Start of Excerpted data

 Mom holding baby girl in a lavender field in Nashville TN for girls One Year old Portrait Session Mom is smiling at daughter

End of Excerpted data
Start of Excerpted data

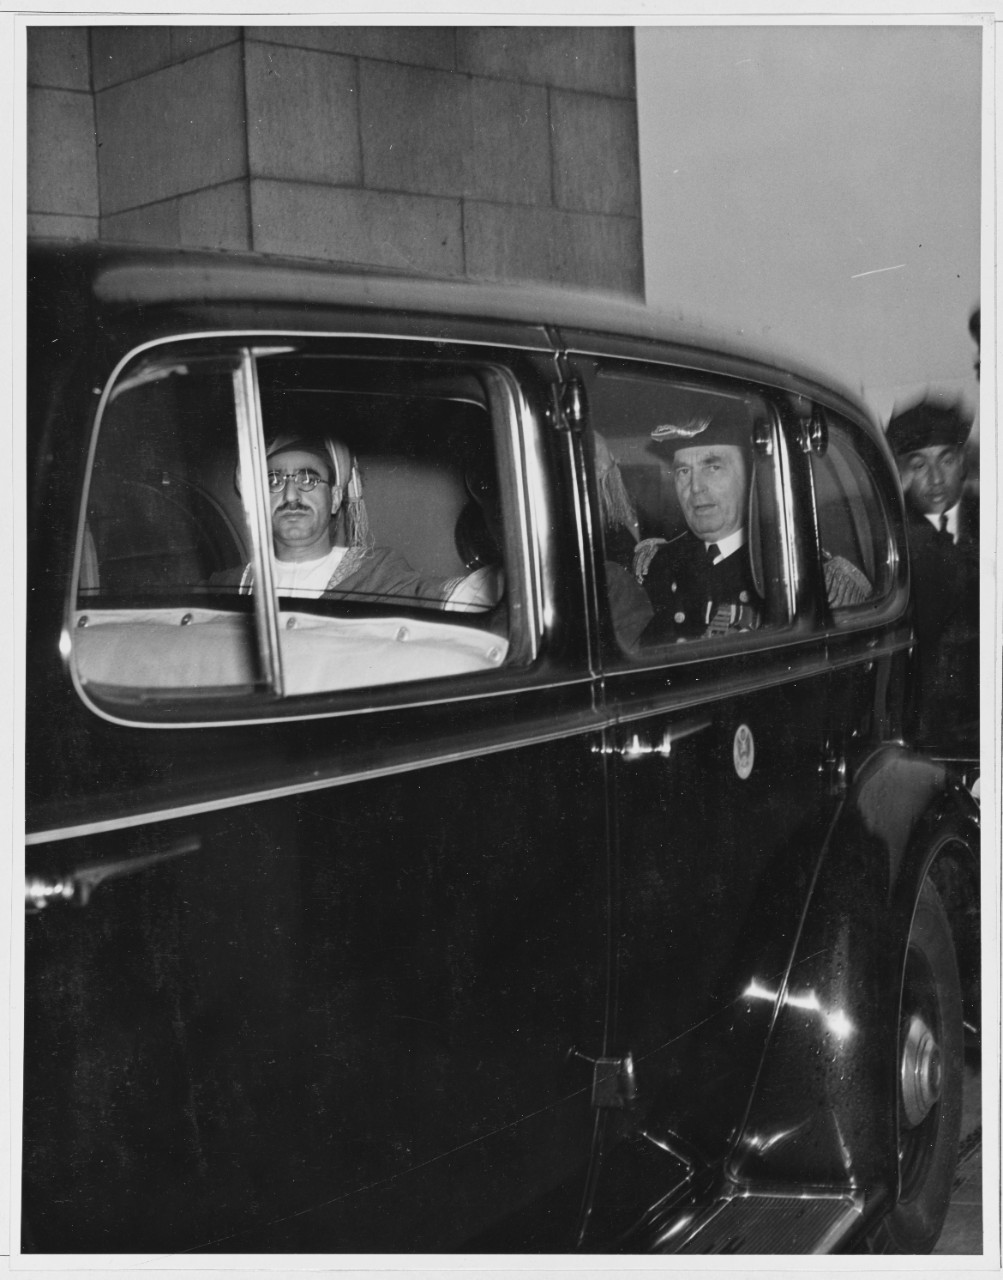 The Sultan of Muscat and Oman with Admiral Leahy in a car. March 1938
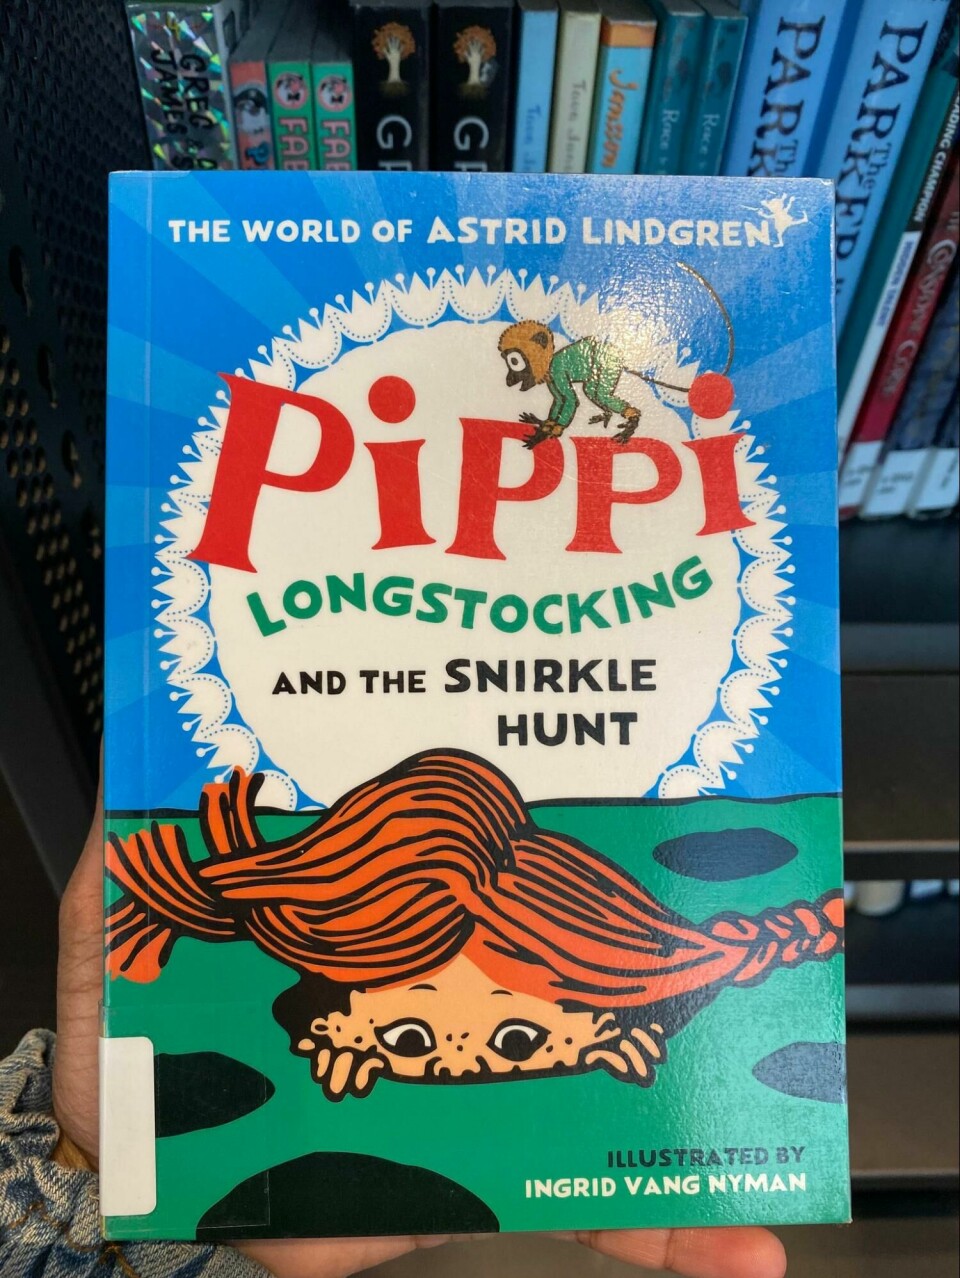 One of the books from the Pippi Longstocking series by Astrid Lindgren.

End of Excerpted data
Start of Excerpted data

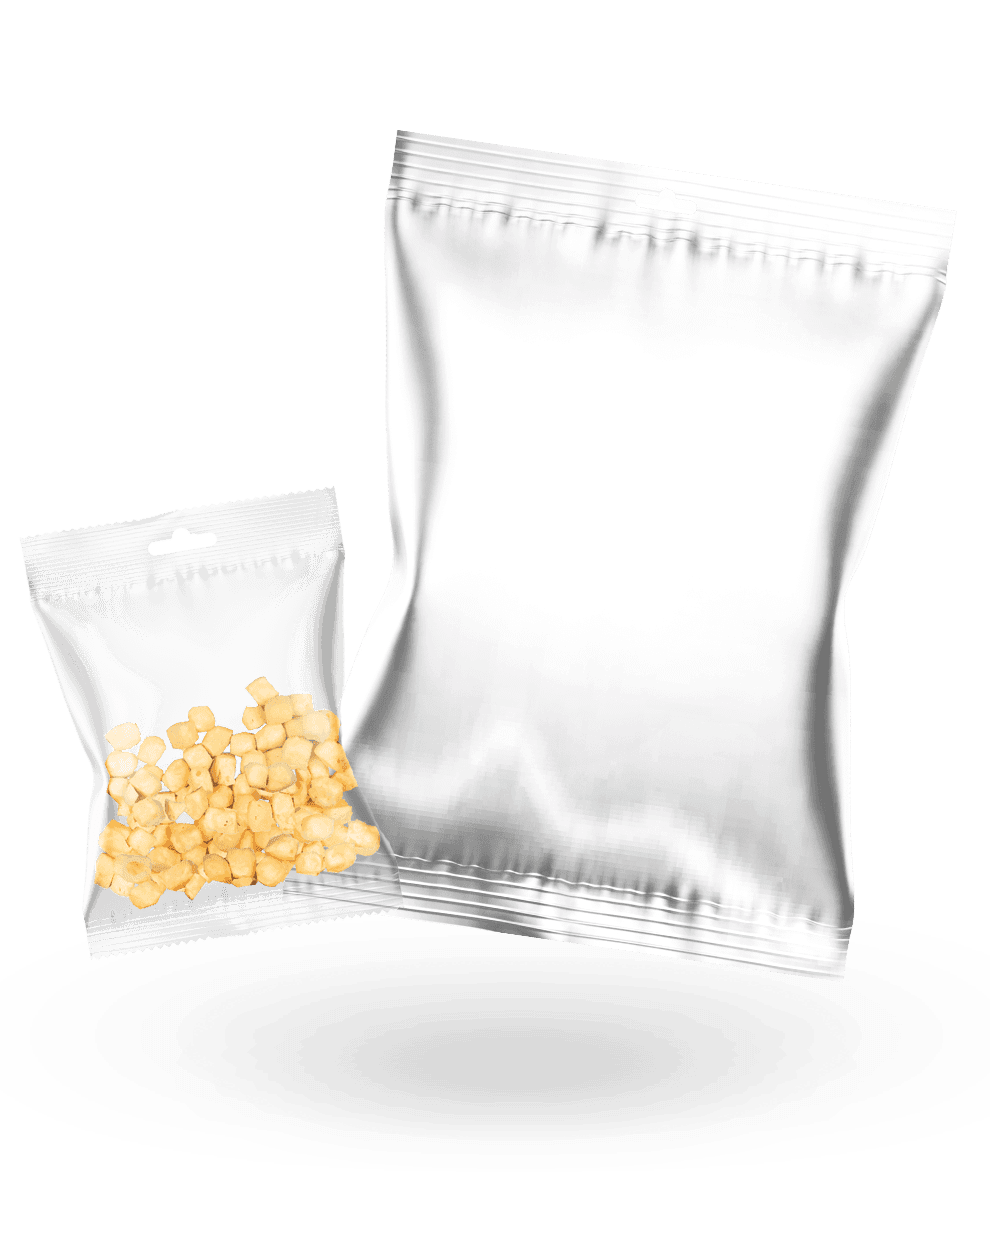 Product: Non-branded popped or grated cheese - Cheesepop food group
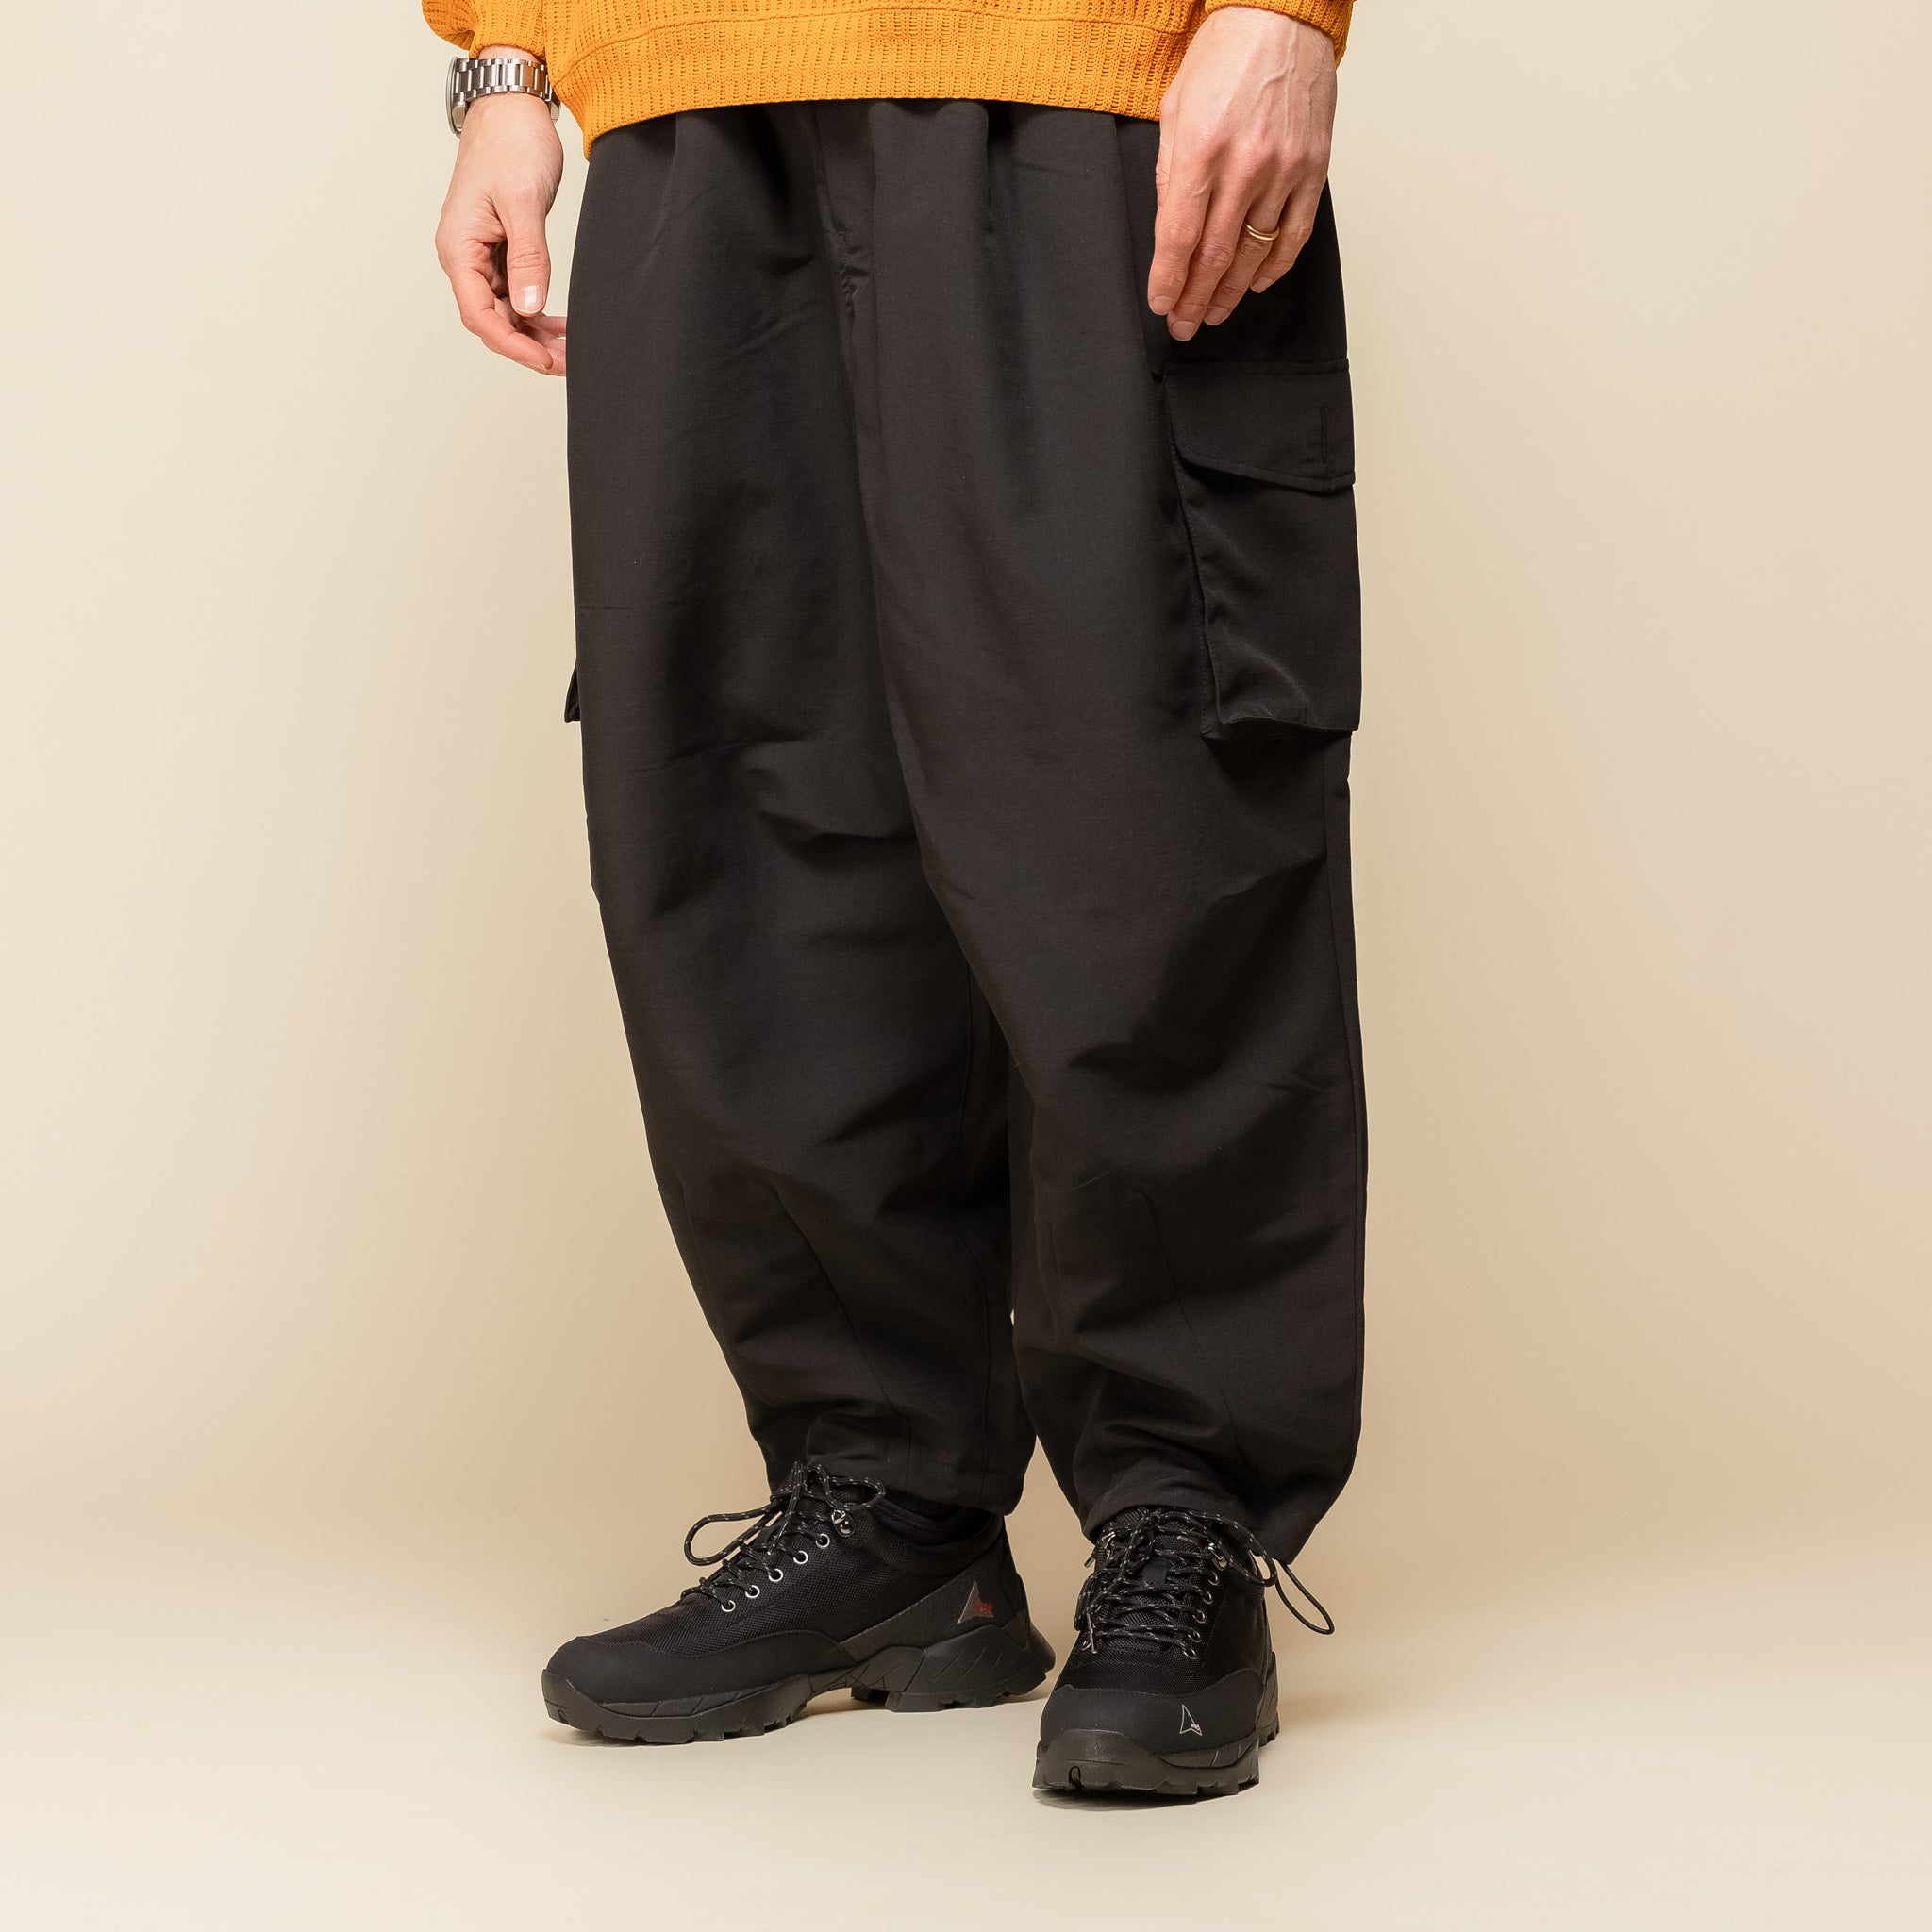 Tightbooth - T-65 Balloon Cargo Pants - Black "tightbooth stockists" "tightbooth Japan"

End of Excerpted data

__About this exercise__. Would you restate, exactly and with no pictures, the lines of the entries above from the one containing "The Sultan of" through the one containing "One of the books"?

__Exercise result__.
 The Sultan of Muscat and Oman with Admiral Leahy in a car. March 1938
 One of the books from the Pippi Longstocking series by Astrid Lindgren.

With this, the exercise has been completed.